From start to finish, the process lasts about two weeks. Then, the product is ready to be packaged, put in boxes, and shipped to buyers.
“And it goes into the kettle where we boil it for an hour, add hops there. Hops provide bitterness and aroma. They also have some preservative qualities. Hops added early in the boil provide more bitterness, hops added late in the boil provide more aroma.”
Historically, American craft beers were known for their strong and often bitter taste. Now, more new breweries are experimenting with other flavors.
Chris Van Orden writes for a website that specializes in craft breweries in the DC area. He says American craft brewers usually “go big” with bold flavors. But now, he says, there are more products to choose from.
“Beer just has a sort of unparalleled breadth of flavors. In one simple, elemental drink there’s a billion decisions that went into making a beer, and every single one of them changes the outcome.”
Colorado, Oregon, and California are already well-known for their craft breweries. But independent beer-makers are also expanding to other areas, like North Carolina and the District of Columbia. Many public drinking places are supporting this growth by offering local products. They are also selling craft beers from across the country. Chris Van Orden calls this an important development.
“You can’t open up a bar these days that serves beer and have it be an afterthought.”
Large businesses still largely control the American beer market. And many popular craft beers are still imported from Europe. But today, most Americans live within 10 miles of a brewery. With even more opening for business, there are more choices than ever.
Belle and Sebastian, Solange Knowles and Bjork
The Pitchfork Music Festival took place last weekend at Union Park in Chicago. Crowds enjoyed three days of performances by musicians and groups from around the world.
Many of the performers became popular because of the Pitchfork music website.
Madeline Smith plays songs from some of the artists who attended the festival...
For many people, Pitchfork is an expert on independent music. The website provides interviews with musicians and criticism of albums. It also offers new music from independent artists you might not otherwise hear. And its yearly music festival showcases many of these artists.

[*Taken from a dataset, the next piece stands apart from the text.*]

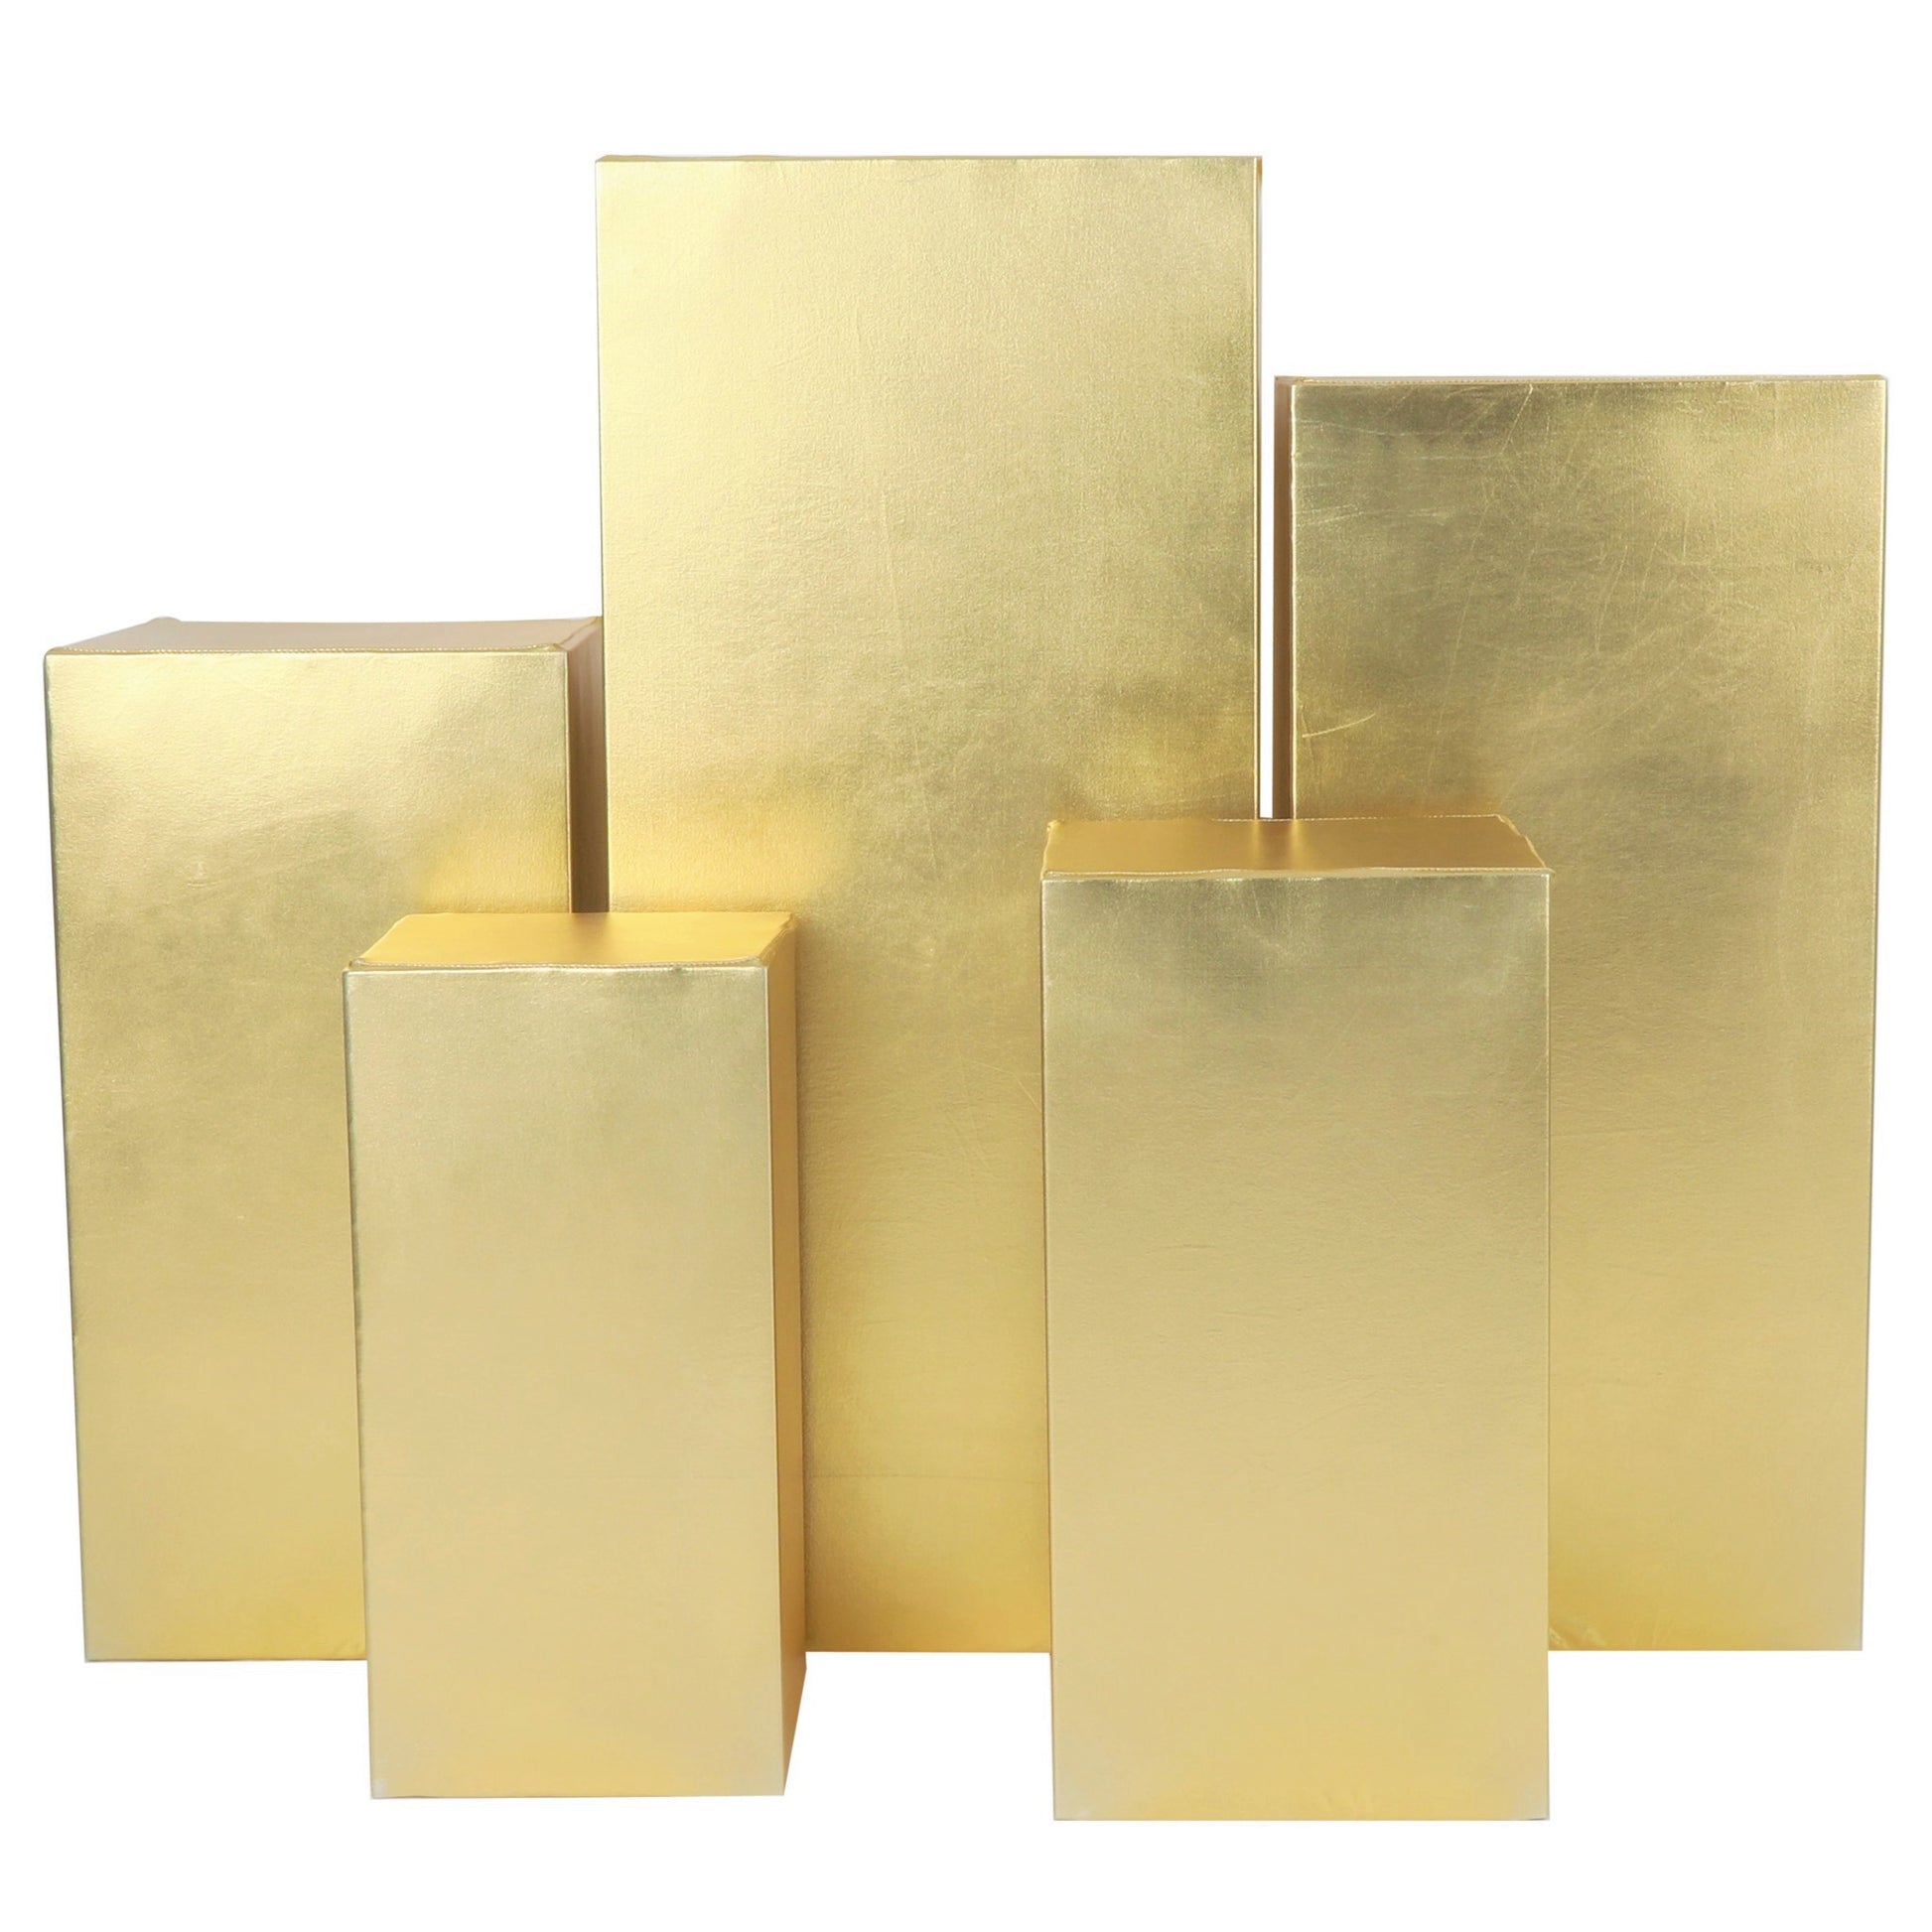 Spandex Covers for Square Metal Pillar Pedestal Stands 5 pcs/set - Metallic Gold
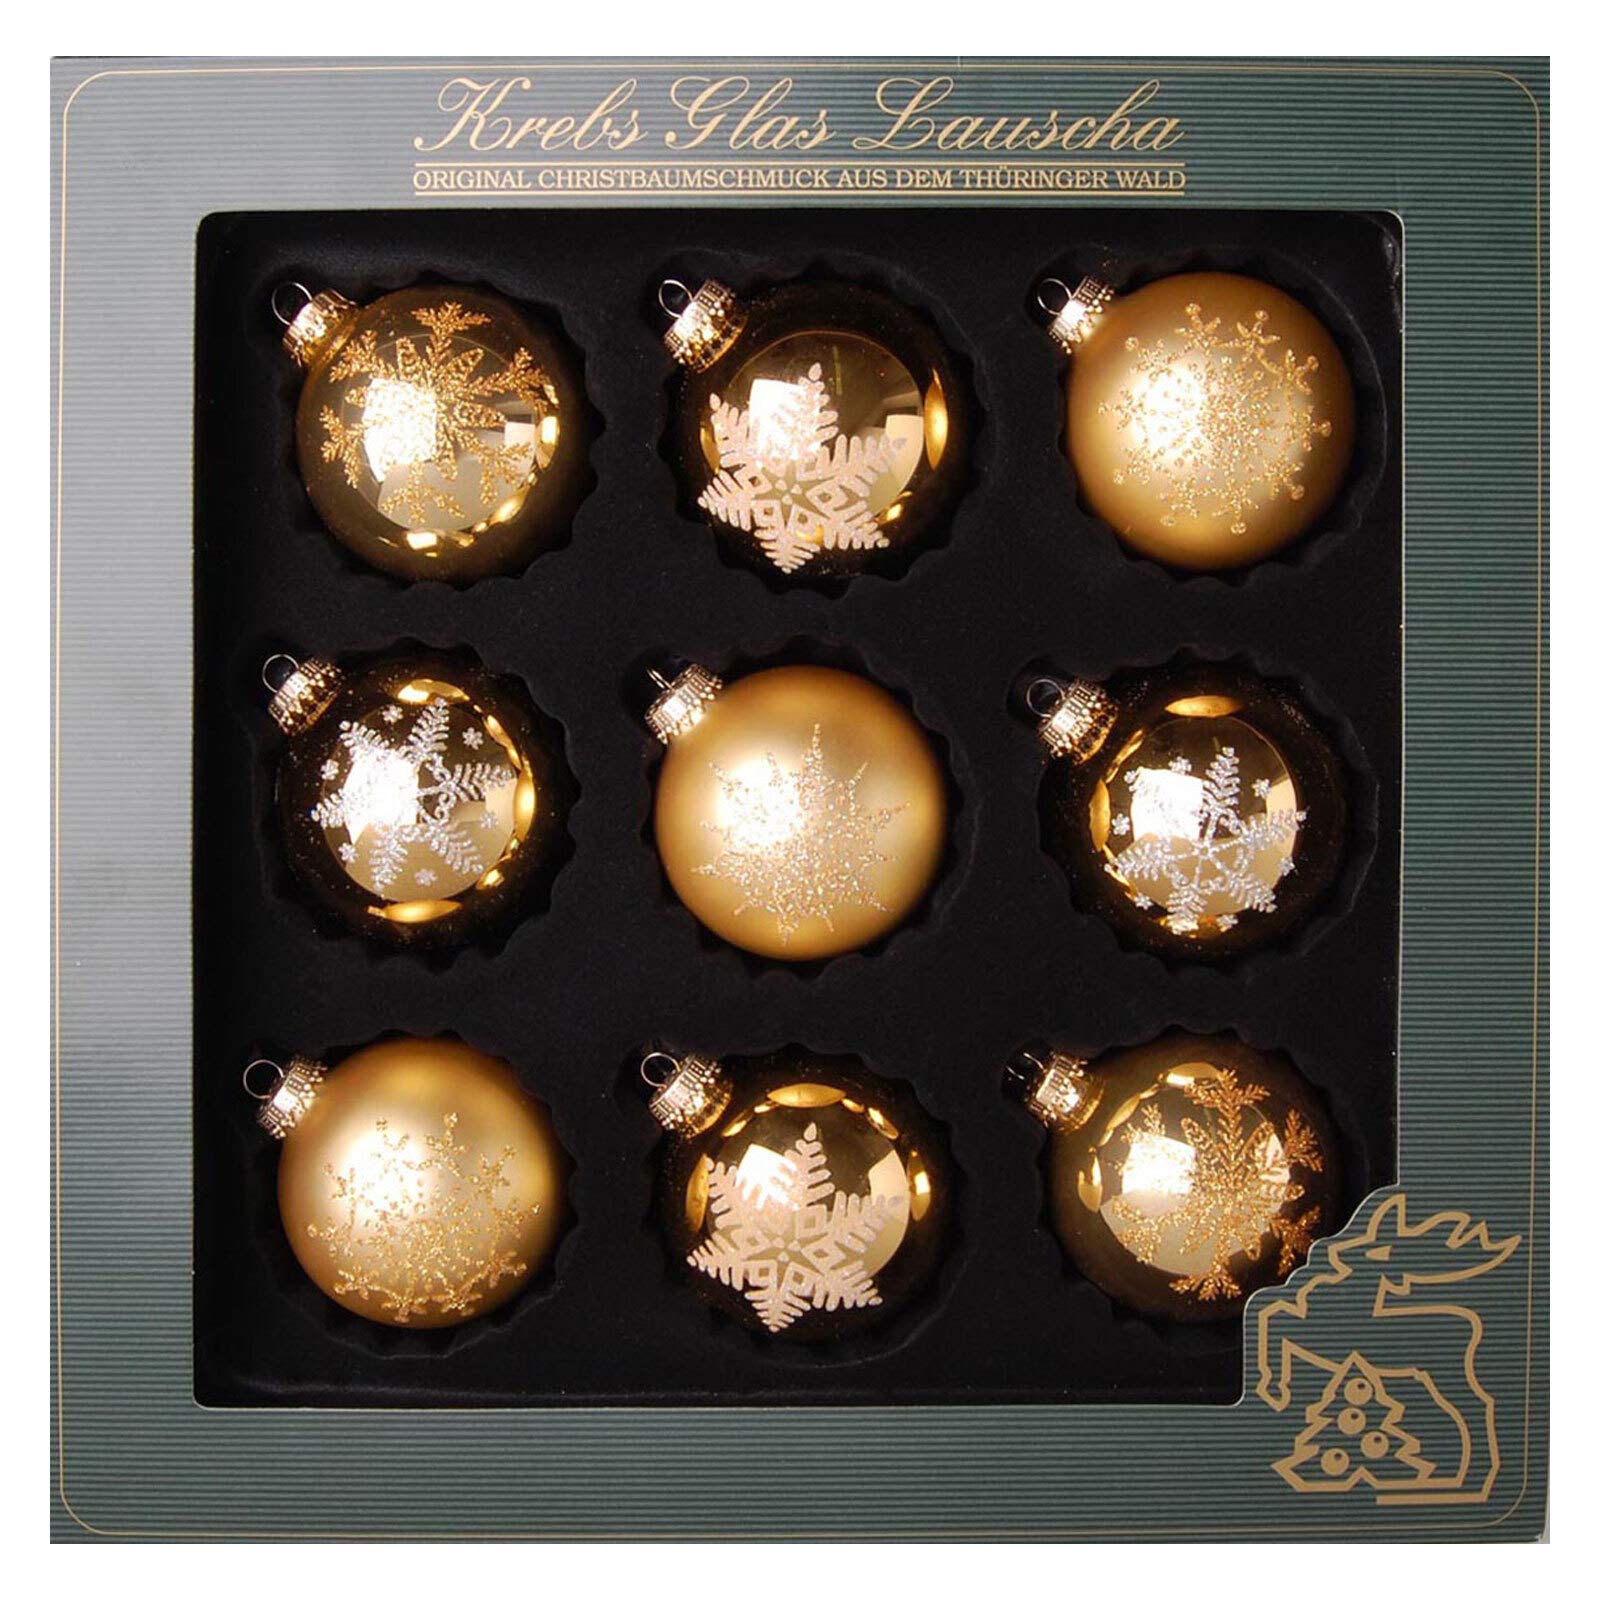 Gold/Satin-Gold, Glaskugelsortiment 8cm, handdekoriert, 9 Stk./Box

One of the performers this year was the pop group Belle and Sebastian, a band from Glasgow, Scotland. Belle and Sebastian are currently planning their ninth album. The band’s 2008 album, “The Life Pursuit,” was a success with critics, with songs like “Funny Little Frog.”
Another performer at the Pitchfork Music Festival comes from a famous family. Solange Knowles is hoping to establish her own music career. But she is best known for being the younger sister of Beyonce Knowles. The older sister is known for her powerful voice and catchy pop songs. Solange Knowles has a more relaxed, easy style that includes R&B and electronic beats. But she also has some hits, like her song “Sandcastle Disco.”
One of the biggest acts at the festival was the Icelandic singer Björk. She performed the final concert on the first night of the festival. Björk is known as an artist who experiments with her sound. Each one of her eight albums sounds somewhat different from the others – but her voice is always distinctive. On her 2011 album, “Biophilia,” she added electronic elements to her sound. One of her songs includes sounds from a Tesla coil, a device that makes electricity.
We leave you with one of Björk’s most famous songs, “Hyperballad,” from her 1995 album “Post.”